### Provided entries
-- Opening Marker --
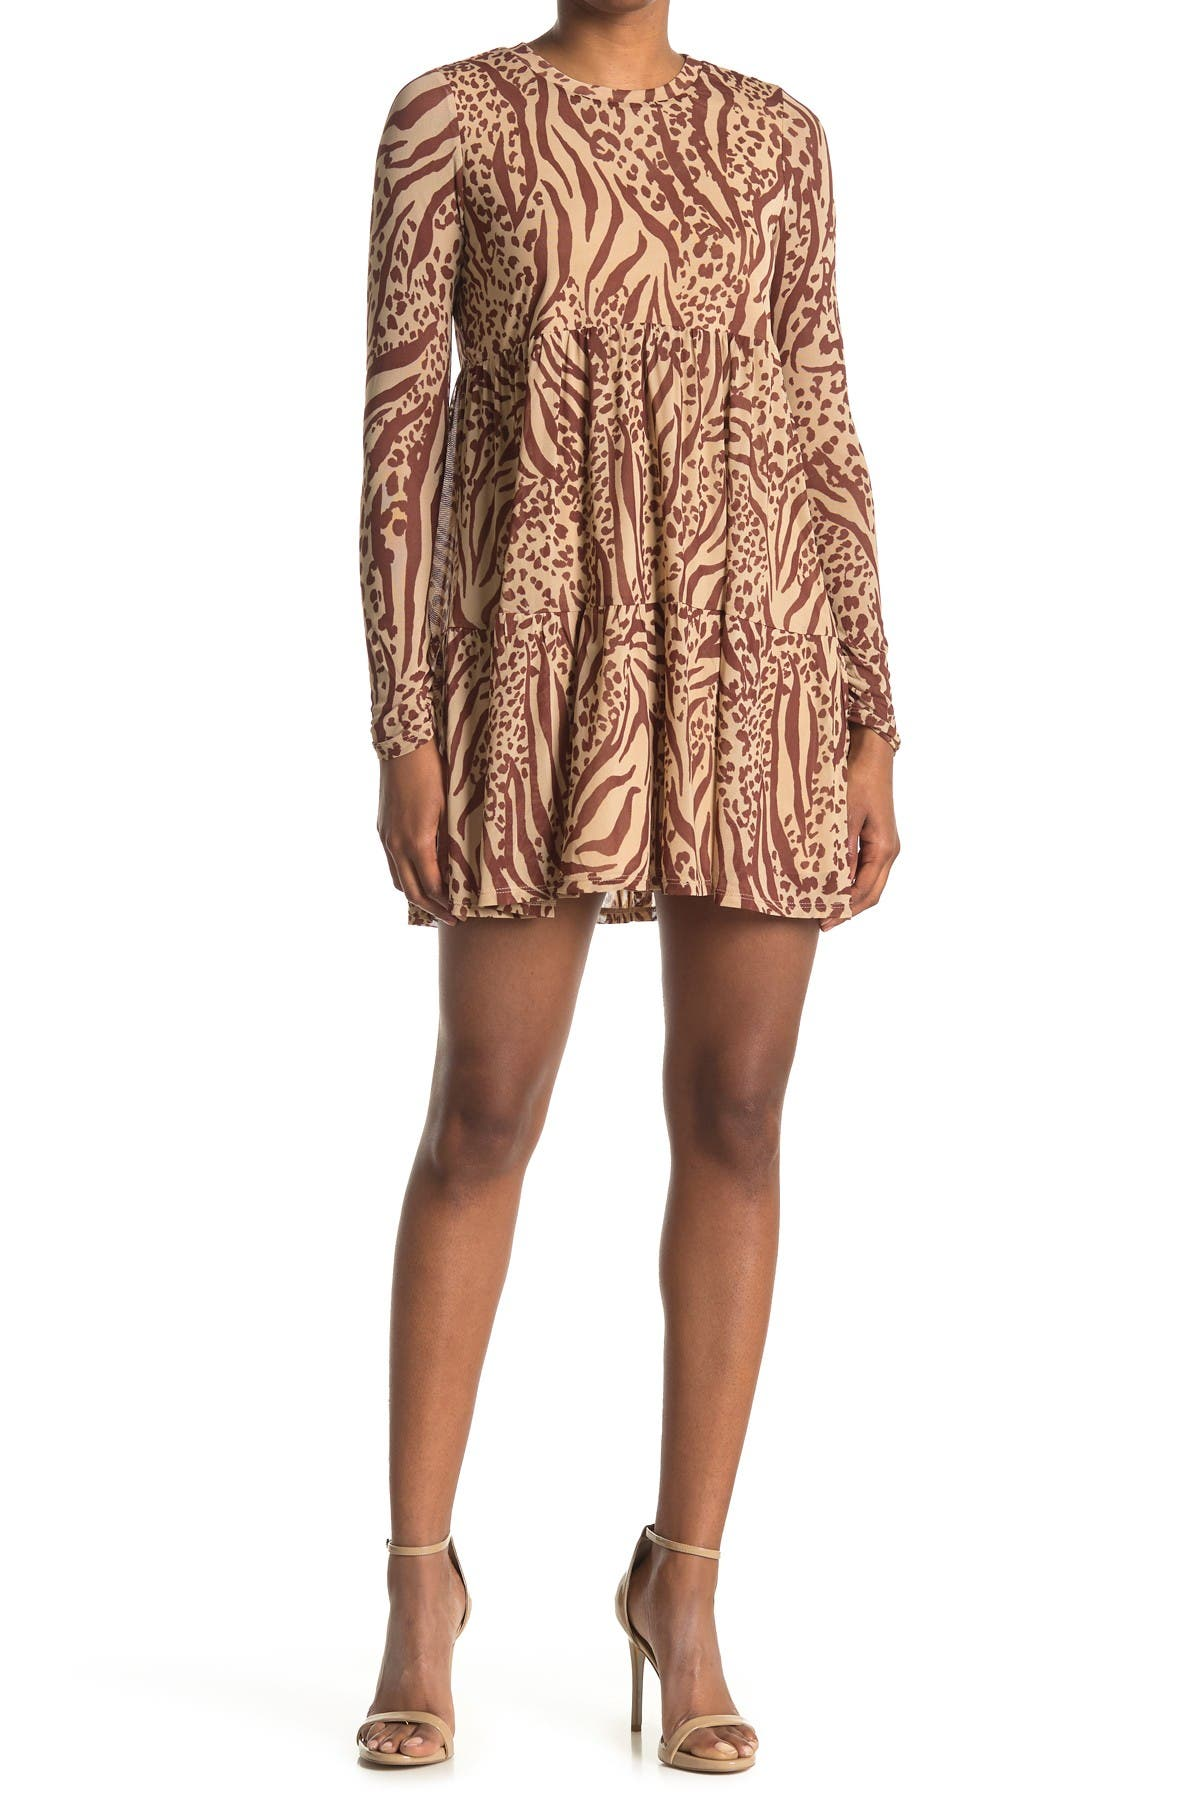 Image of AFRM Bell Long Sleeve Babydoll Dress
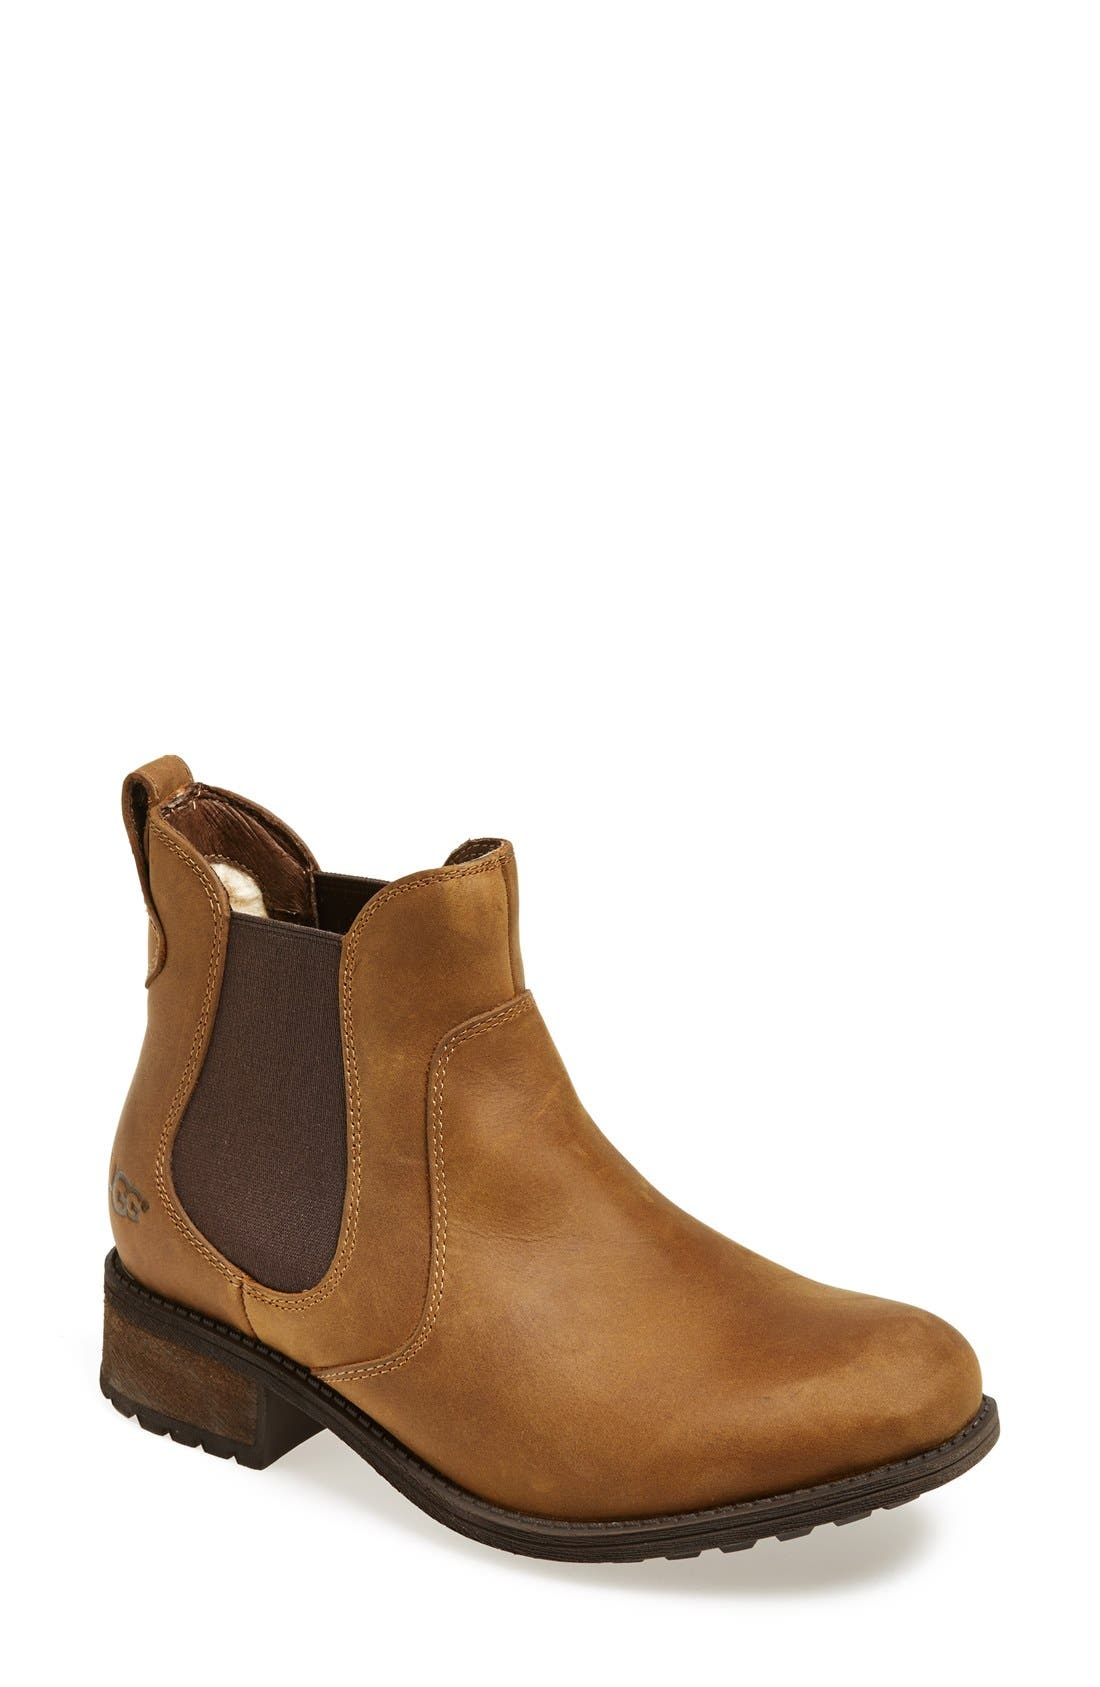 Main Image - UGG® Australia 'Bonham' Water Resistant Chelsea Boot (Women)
-- Closing Marker --
-- Opening Marker --
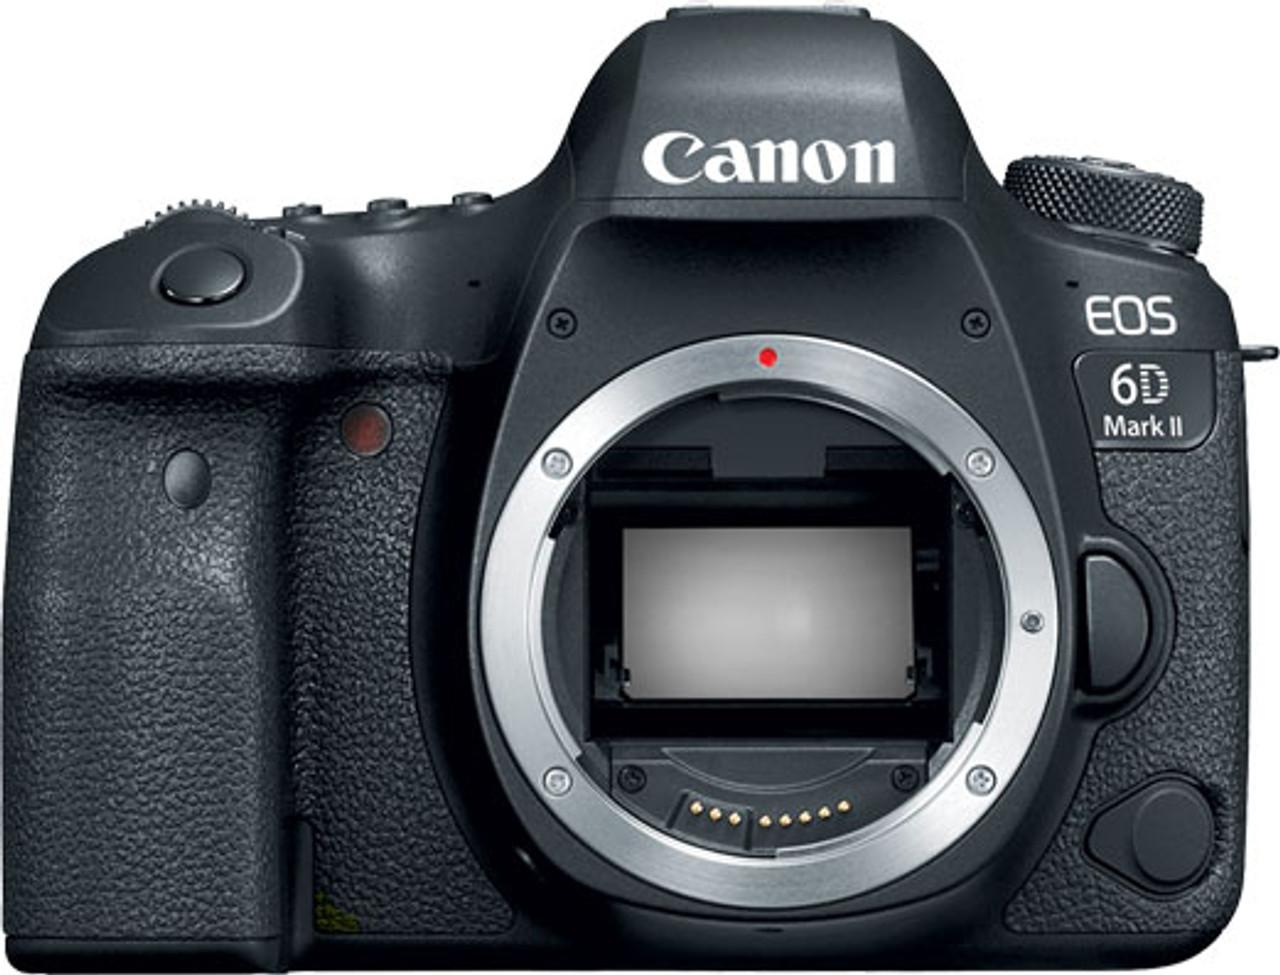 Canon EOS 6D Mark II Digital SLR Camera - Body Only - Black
-- Closing Marker --
### Description of the task
For this exercise, reproduce exactly the lines of the records above from the one with "Image of AFRM" up to and including the one with "Main Image - UGG®", without pictures.

### Exercise response
 Image of AFRM Bell Long Sleeve Babydoll Dress
 Main Image - UGG® Australia 'Bonham' Water Resistant Chelsea Boot (Women)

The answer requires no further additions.